January 2, 2008
Happy Holidays? Yes Indeed!
My glass and things like this blog have taken a back seat, actually a seat in the back row of the bus lately, my kids have been home! My younger son Kyle who lives in Washington DC, and my older son Andrew and his wife Diana who live in Nagai Japan have been here for the past two and a half weeks. It's been great having them around, but unfortunately they all leave this weekend.
I have unfinished business from my last post...
He really didn't know howWith the many opportunities I have to critique them I have my own opinions about what is and isn't necessary in airline flight attendant patter. The first on my list of "really not helpful" is the instructions that go something like "insert the metal clip in the buckle and pull on the loose strap to tighten the seatbelt across your lap". I mean really, the only people who don't know how to buckle a seatbelt are from third world countries and don't speak English, right? On a recent flight there was a 20-something young man sitting next to me, judging by the book he was reading, a native English-speaking college student. To my amazement he couldn't figure out how to fasten his seatbelt. He poked the metal clip at the buckle in a variety of ways, all except the right way. I stand corrected, not everyone knows how to buckle a seatbelt, probably because airpland seatbelts are pretty primative compared to current automobile varieties. I still maintain that telling people how to do is isn't necessary, it didn't help him.

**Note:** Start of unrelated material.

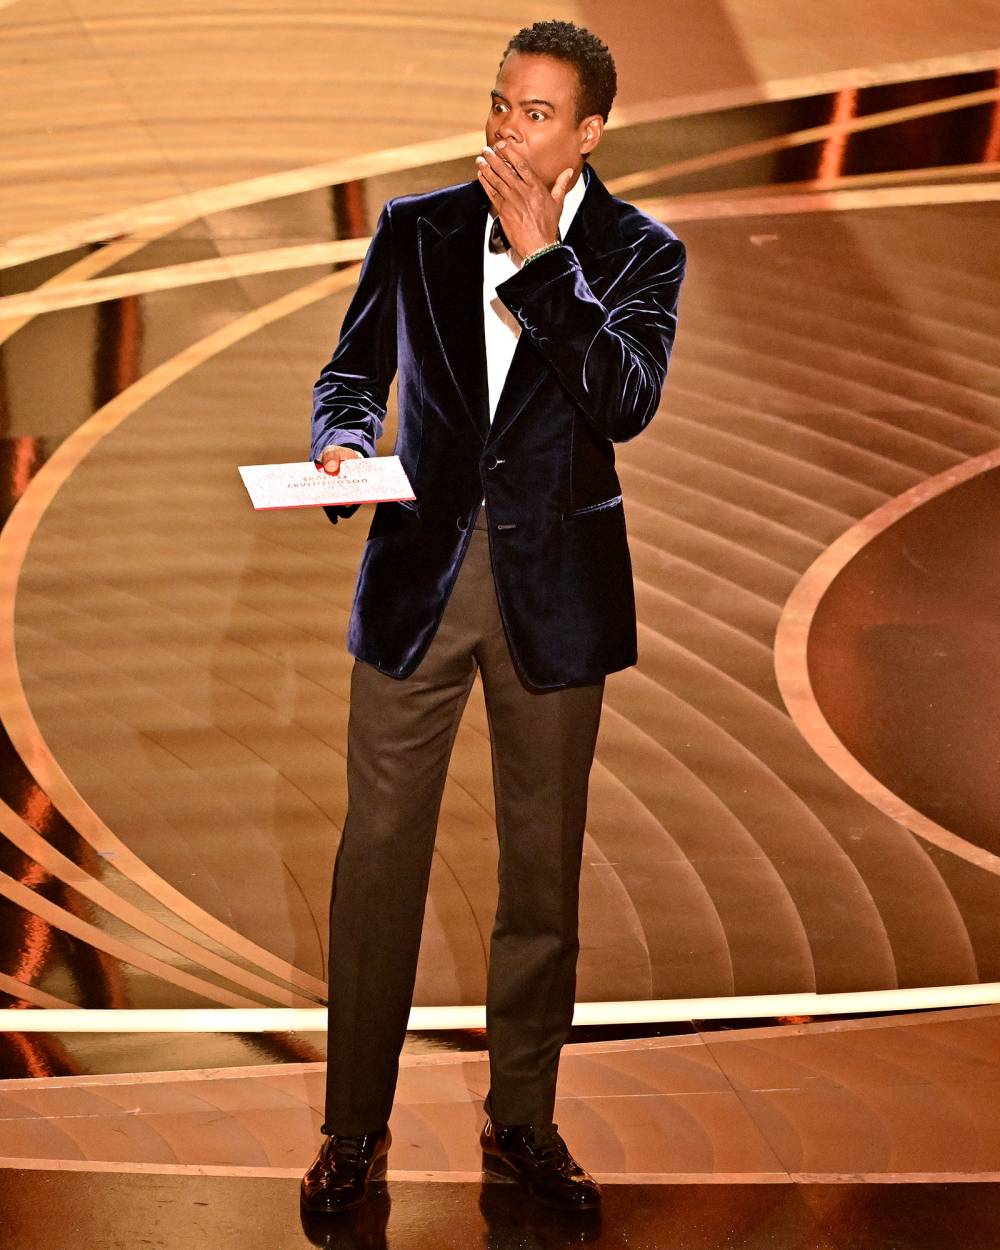 Chris Rock Won't File Police Report Will Smith Avoids Press Oscars Slap 2

Jobs for jokers or not I am all for enjoying our jobs. Where I work we engage in "bowling" during every holiday season that spawns small round chocolates. We have a verrry long hallway, and are able to create a 60 foot alley with a seasonally appropriate target at the end, most recently a Santa that we try to roll the candy to. It's a nice harmless way to have a few laughs with a distraction that lasts just a few minutes.
There are some jobs suitable for jokers and clowns, waiters, perhaps. There are others whose services I depend or may depend on in the future in which I really don't want jokers. This list includes surgeons, accountants, lawyers and PILOTS.
With the new larger planes on my most frequent flying route has come a new set of pilots. A couple of times lately I have had a joker for a pilot. He has a stuffed penguin hanging on what would be the rear view mirror of a car, OK, I can let him have that. As the doors are closed he plays the sound of a train whistle and says "all aboard, welcome aboard the Portland Trailblazer Express" and some other train-type stuff. Shouldn't he be doing some pre-flight checklist stuff? Fast forward to the beginning of descent, agaoin the train whistle..."next stop Portland station, exit to the left, platform one". Again isn't there something more important that he should be doing? If it was a flight attendant, maybe, but pilot, no!